Intro: Custom Vanity
I made a custom vanity for my fiance. I wanted to see if I could make round drawers that swivel out instead of normal drawers that pull straight out. I designed the overall image and shape of the vanity in Fusion 360 and the sections of the drawers and towers in AutoCad. I used a ShopBot CNC to cut all of the pieces out precisely. I had a total of about 100 pieces that needed to be glued together to build up the drawers and towers.
Step 1: Designing
At first, I just wanted to make a vanity that had a lot of tabletop space and drawer space with a large mirror. After mulling this design over I decided I wanted something I've never seen before. I came up with this second design that had a curved top and circular towers for the drawers. I detailed how the drawers worked in this third image. Originally I was going to have the drawers swivel toward the center but the table top didn't come out as large as I wanted so the drawers swivel outward and there is no mirror space. So it turned out more like a desk than a vanity.
I've included the AutoCad and Fusion 360 files for reference.
Step 2: Drafting and CNC
Our ShopBot CNC is only 4'x8' so I ripped each down to 4'x5'. I drafted the sections of the towers/drawers, tabletop contour, and the holes for the legs and brass rod in AutoCad to ensure everything sat in the right place and brought it over to VCarve to make the tool paths for the CNC.
There were two ring sections, one was split 90 degrees from the other, so each drawer has 4 layers with the seem on the sides and 3 layers with the seam on the front and back. This alternated the seam, preventing a large seam going from top to bottom, making the drawer stronger.
The drawers themselves are 7 layers of 3/4" ply and 1 bottom layer of 1/2" ply, a total of 5 3/4". The cage for each drawer, or the back of the tower that the drawer sits in, is 8 layers of 3/4" ply, a total of 6". This makes a total 1/4" gap, or 1/8" on top and bottom, for the drawer to sit in.
Step 3: Sanding Each Piece
The CNC left a pretty rough and spiky edge on every piece so I had to sand each one individually to smooth them out and get them ready for gluing.
Step 4: The Drawers and Legs
I assembled the drawers individually before building the towers as a whole. I did this my sliding each layer on the rod and glued each layer down using the bottom as the shape template. I used an 18 gauge Brad nailer to quickly attach each layer.
I turned the legs in an attempt to follow the round motif. The legs insert into the bottom of the tower and a wedge is driven into the top of the legs to make a solid connection.
Step 5: Completing the Towers
Once the drawers were made I started to assemble the towers. I started by making a pin with a nail by drilling a hole on the end and trimming the nail to about 3/4". I made a slot for it to sit in on the top of the bottom layer of the tower. This prevented the rod from spinning when a drawer was spun open, which would spin all the drawers without this pin.
Once the towers were made I had to do quite a bit of sanding to make them smooth. Due to some miscalculations, the solid circles that divided the drawer cavities were too big so I had to sand them done to match the size of the drawers. Used first used a belt sander because, admittedly, they were pretty bad, and then used a random orbit sander to do smooth everything out and bring it all close. The brass rods were a tad long so I cut them and sand them down flush to the top of the towers.

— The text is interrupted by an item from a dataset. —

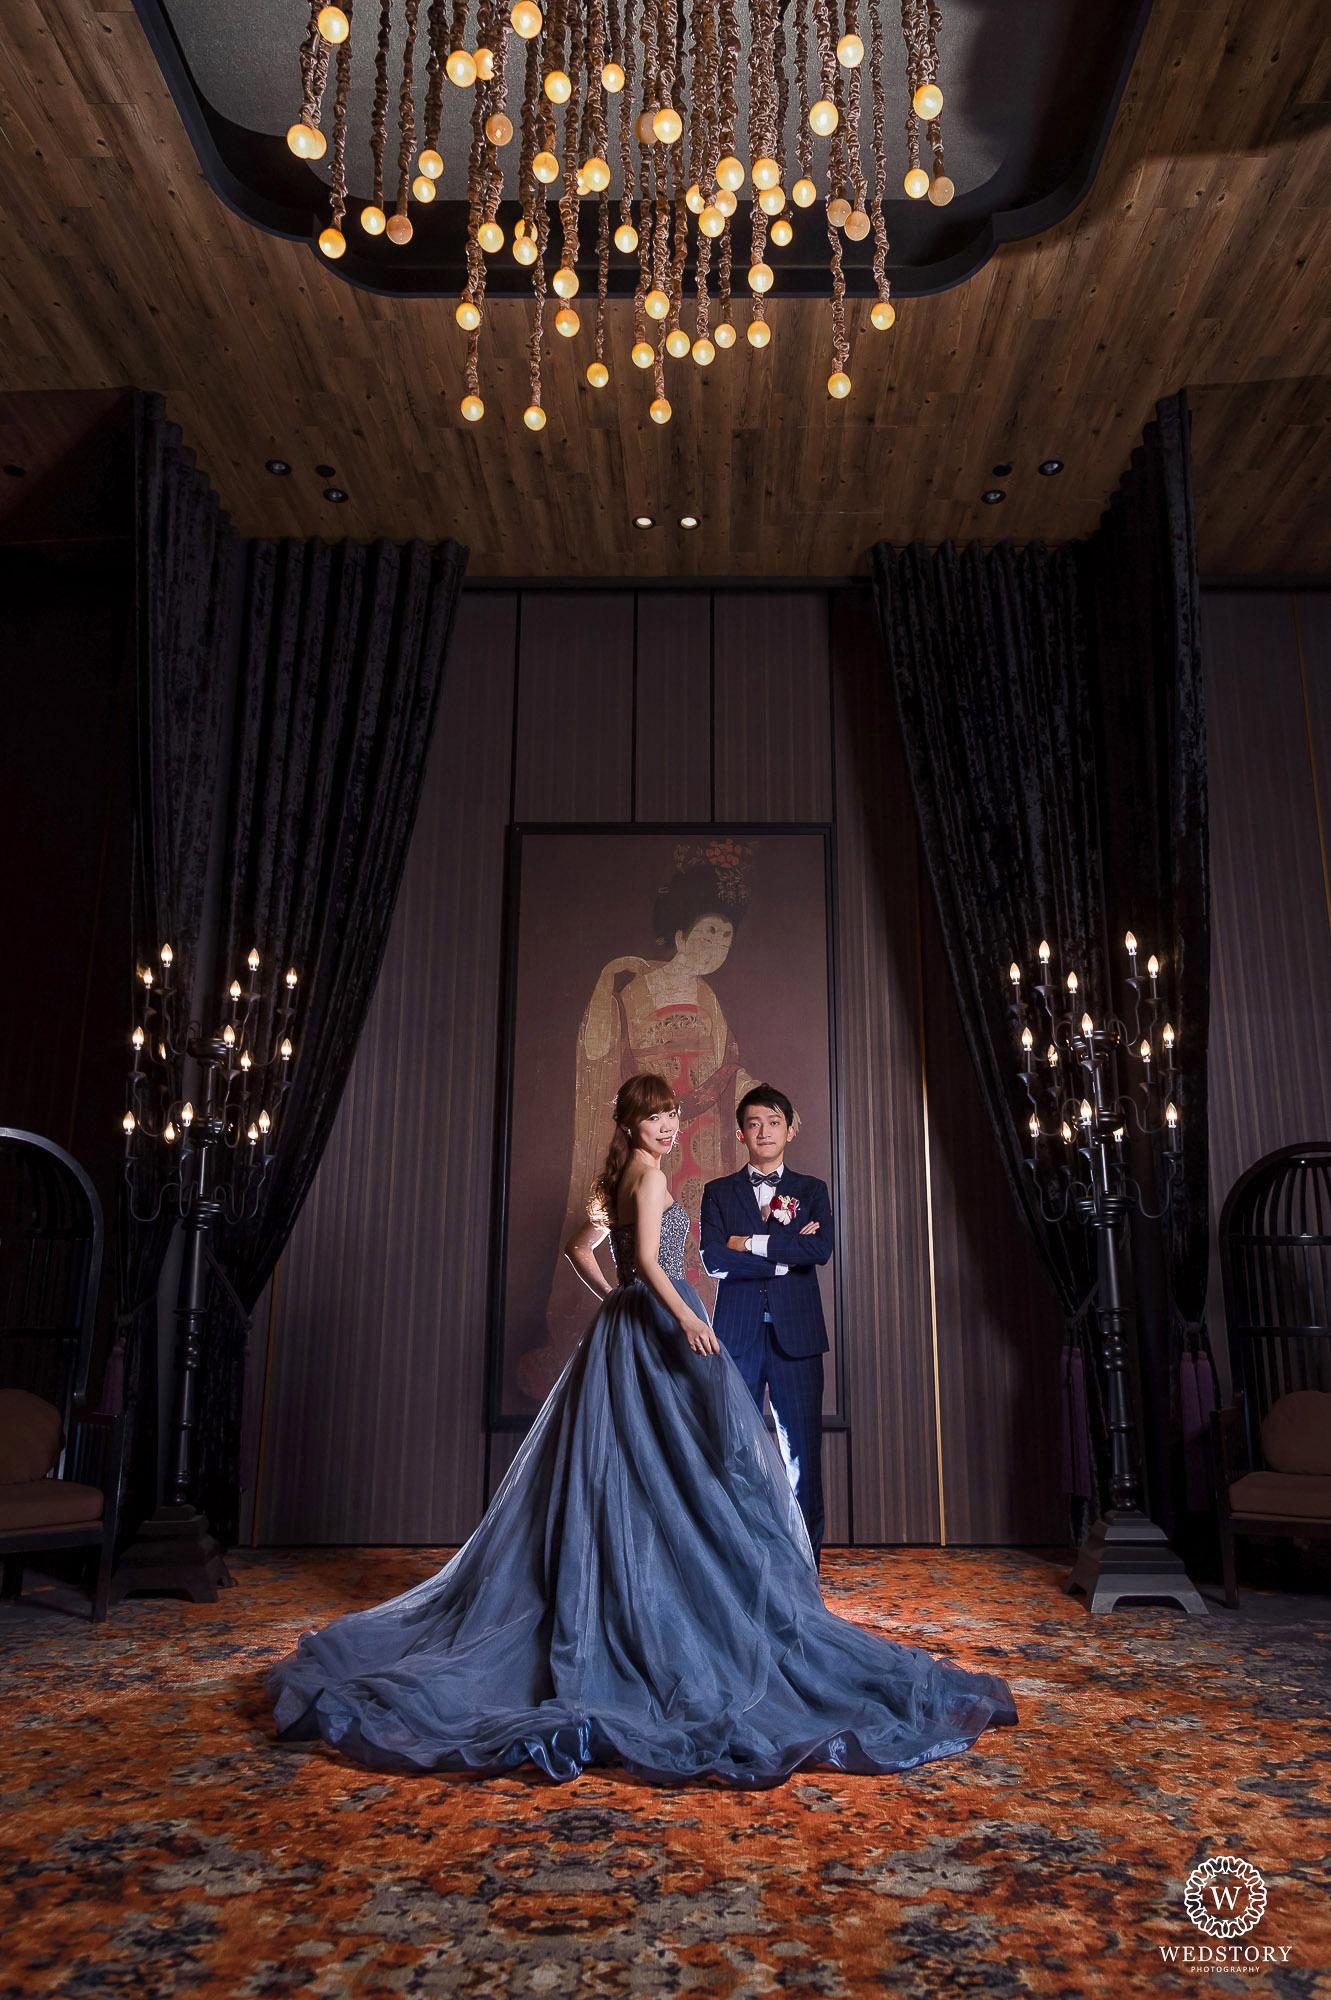 高雄晶綺盛宴婚攝106,銀河廳,珍珠廳,婚攝推薦,婚禮攝影,婚禮紀錄

Step 6: Attaching the Towers and Back Leg
I wanted the towers, back leg, and tabletop to all be removable to make it easy for storage or moving. I did this by having two layers for the tabletop. I inserted t-nuts on the bottom layer of the tabletop so I can use 1/4" stove bolts to bolt through the towers, leaving a flush surface for the drawer to slide over. The block in the first image was my solution to notching the whole for the t-nut to sit flush after already drilling the 1/4" hole. I cut a 3/4" hole, the size of the t-nut's large ring, in a piece of plywood and used that as a guide to prevent my Forstner bit from walking around.
The turning of the back leg was just a mess. It just barely fit on the lathe and it would vibrate pretty bad when I turned the center, leaving a golfball like surface. Once I got the overall shape I had to sand through this texture with 80 grit sandpaper, which just felt wrong. I eventually got it down to 240, which was smooth enough for this job.

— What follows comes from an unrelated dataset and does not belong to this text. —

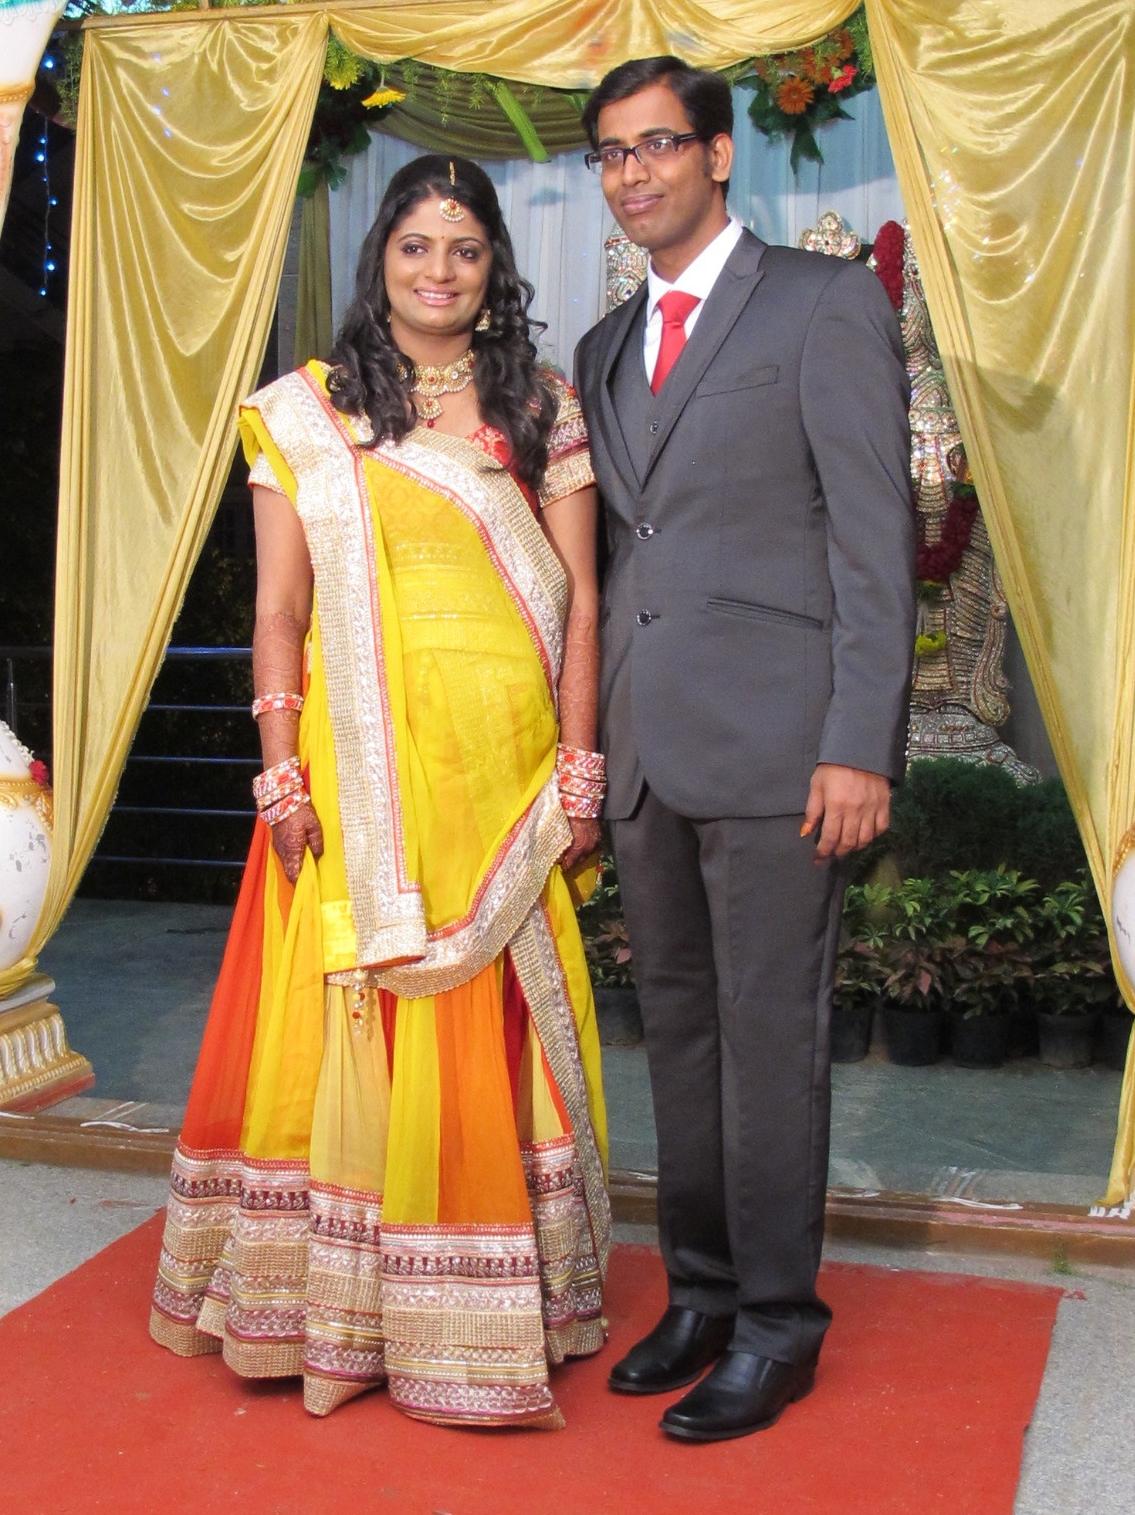 Swami's & Shilpa's wedding

I made a plate for this back leg to attach it to the tabletop. I used the same technique from the short legs to attach the plate and leg together and, as before, used t-nuts to bolt through to the tabletop. I decided on orienting the plate this way because trying to square it up against the round back side of the table just wouldn't work out right.
I failed to capture the natural beauty of the fully constructed birch ply desk before I stained it. My fiance didn't like the light color of the Birch ply and wanted a dark wood furniture look.
Step 7: Finished Product
Once the handle knobs were glued on and all the stain was dry I applied to coats of polycrylic on the table top surface and each handle knob. I didn't do the whole desk because trying to seal the end grain on all of that plywood would have gotten really expensive really quickly. If I have more money later I might try to seal it all so have a less dusty look to the towers, but the fiance likes it so leave it where it lies.